Приблизившись к кровати, я испытала внезапное чувство, что бывала здесь прежде. Это была комната, которую я знала, или должна была знать в прошлом, и впечатления от нее остались хорошими, дружелюбными. Кто бы ни был ее обитатель, я должна была любить его, даже если сейчас не могла вспомнить, кто это. На ночном столике лежала книга — том в кожаном переплете без названия, и мне пришлось поставить свечу на столик и открыть книгу. В моих руках был дневник за 1856 год Сильвии Воксхолл, четко заполненный красивым женским почерком. Читая ее личные записи — какую-то милую чепуху о рецепте от жены викария, я ощутила, как новые эмоции захватили меня. Приступ любви и сентиментальности вызвал слезы, когда я внезапно ощутила близость тети Сильвии. Женщина, которую я не могла вспомнить, но которую, как мне казалось, я обожала ребенком. Чтение ее мелкой вязи навело меня на мысли об имбирной коврижке, потом о лаванде. Не запоминая хорошо лица, пятилетний ребенок может помнить горячую коврижку, испеченную доброй старой тетушкой, которая душится лавандовой туалетной водой.

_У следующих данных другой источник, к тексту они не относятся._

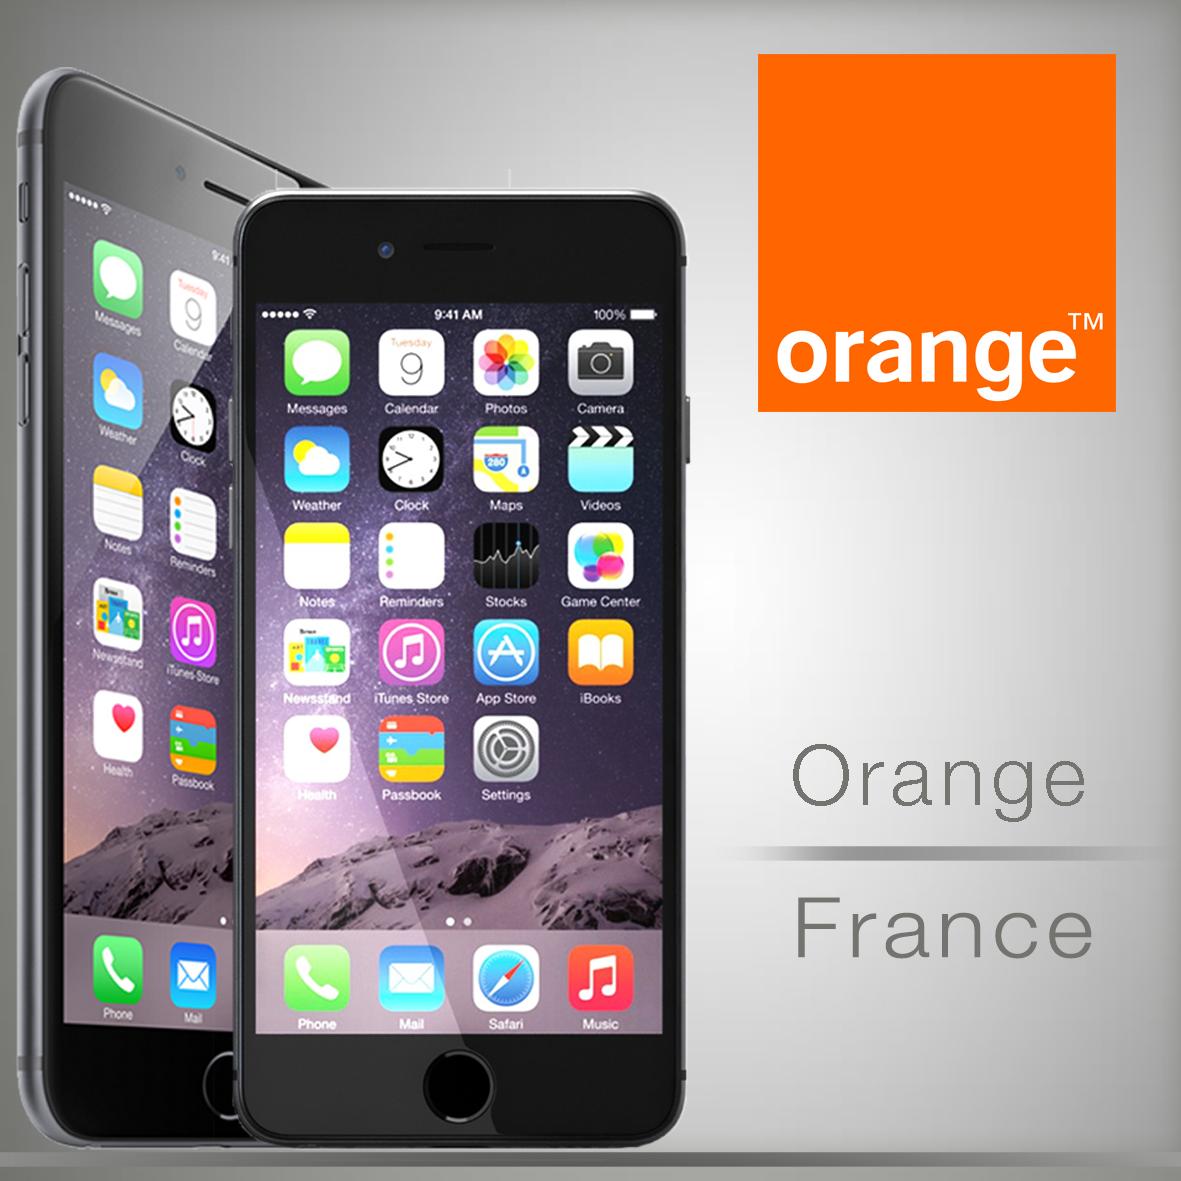 unlock iphone 4 orange france imei free

Милая тетушка Сильвия. Как мне не хватало ее теперь, когда она пригласила меня сюда, но не дожила до того, чтобы вновь увидеть. Боже! Каким чудесным могло быть наше воссоединение! Все остальные Пембертоны ничего бы не значили, потому что тетушка Сильвия любила бы меня. Я вытерла счастливые слезы со щек и внезапно похолодела. Взгляд оставался прикованным к дневнику, моя ладонь все еще была прижата к лицу. В одно мгновение вся нежная грусть памяти сменилась ледяным ужасом — даже мое сердце, казалось, остановилось. Эти слова с открытой страницы — они воинственно кричали мне, словно хвастаясь. Утонченные завитки и крохотные точки над «i» — этот нежный почерк был совсем не похож на тот, каким было написано письмо тетушки Сильвии.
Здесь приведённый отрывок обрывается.